Jefferies, feverish, excitable, passionate, alive to the glorious plenitude of the Earth, has seized upon the exceeding beauty, and the healing beauty of natural things. No scholar like Thoreau, he brings no system of thought, as did the American, for Nature to put into shape. Outside of Nature all is arid and profitless to him. He comes to her with empty hands, and seeks for what she may give him. To Thoreau the Earth was a kind and gracious sister; to Jefferies an all-sufficing mistress.
The reader who passes from Thoreau to Jefferies need have no fear that he will be wearied with the same point of view. On the contrary, he will realize with
pleasure how differently two genuine lovers of the Earth can express their affection.
In Jefferies’ song of praise, his song of desire—praise and desire alternate continually in his writings—there are two aspects of the Earth upon which he dwells continually—the exceeding beauty of the Earth, and the exceeding plenitude of the Earth. Apostrophes to the beauty have been quoted already; let this serve as an illustration of the other aspect:—
“Everything,” [157a] he exclaims, “on a scale of splendid waste. Such noble broadcast, open-armed waste is delicious to behold. Never was there such a lying proverb as ‘Enough is as good as a feast.’ [157b] Give me the feast; give me squandered millions of seeds, luxurious carpets of petals, green mountains of oak leaves.
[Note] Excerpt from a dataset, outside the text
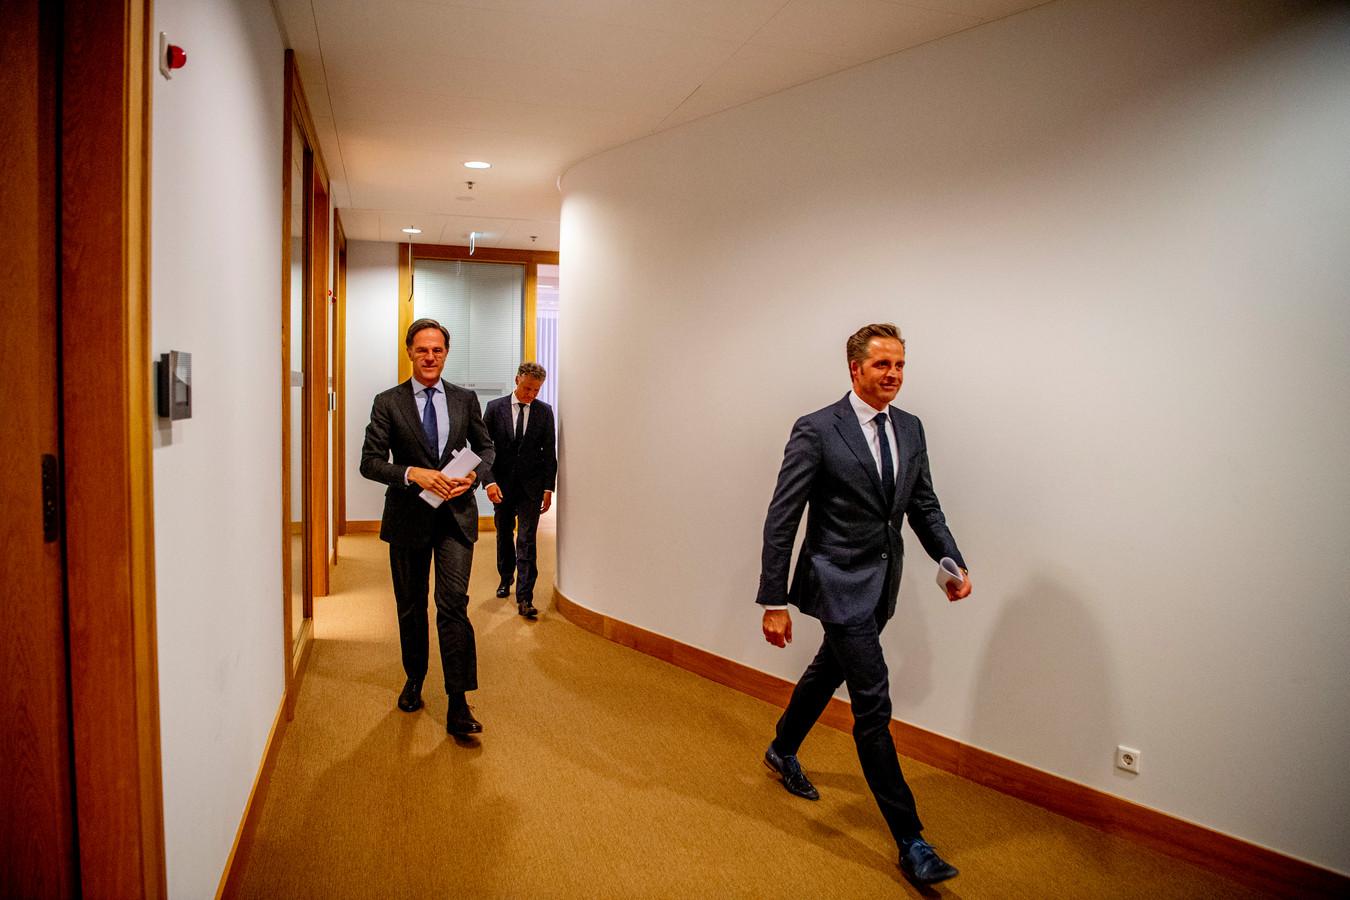 Demissionair premier Mark Rutte en demissionair minister Hugo de Jonge (Volksgezondheid, Welzijn en Sport) geven een toelichting op de coronamaatregelen in Nederland.

The greater the waste the greater the enjoyment—the nearer the approach to real life. Casuistry is of no avail; the fact is obvious; Nature flings treasures abroad, puffs them with open lips along on every breeze; piles up lavish layers of them in the free, open air, packs countless numbers together in the needles of a fir tree. Prodigality and superfluity are stamped on everything she does.”
This is no chance passage, no casual thought. Again and again Jefferies returns to the richness and plenty of the Earth. And his style, suiting itself to the man’s temperament, is rich and overflowing, splendidly diffuse,
riotously exulting, until at times there is the very incoherence of passion about it.
Thus, in looking at the man’s artistic work, its form of expression, its characteristic notes, something of the man’s way of thinking has impressed itself upon us.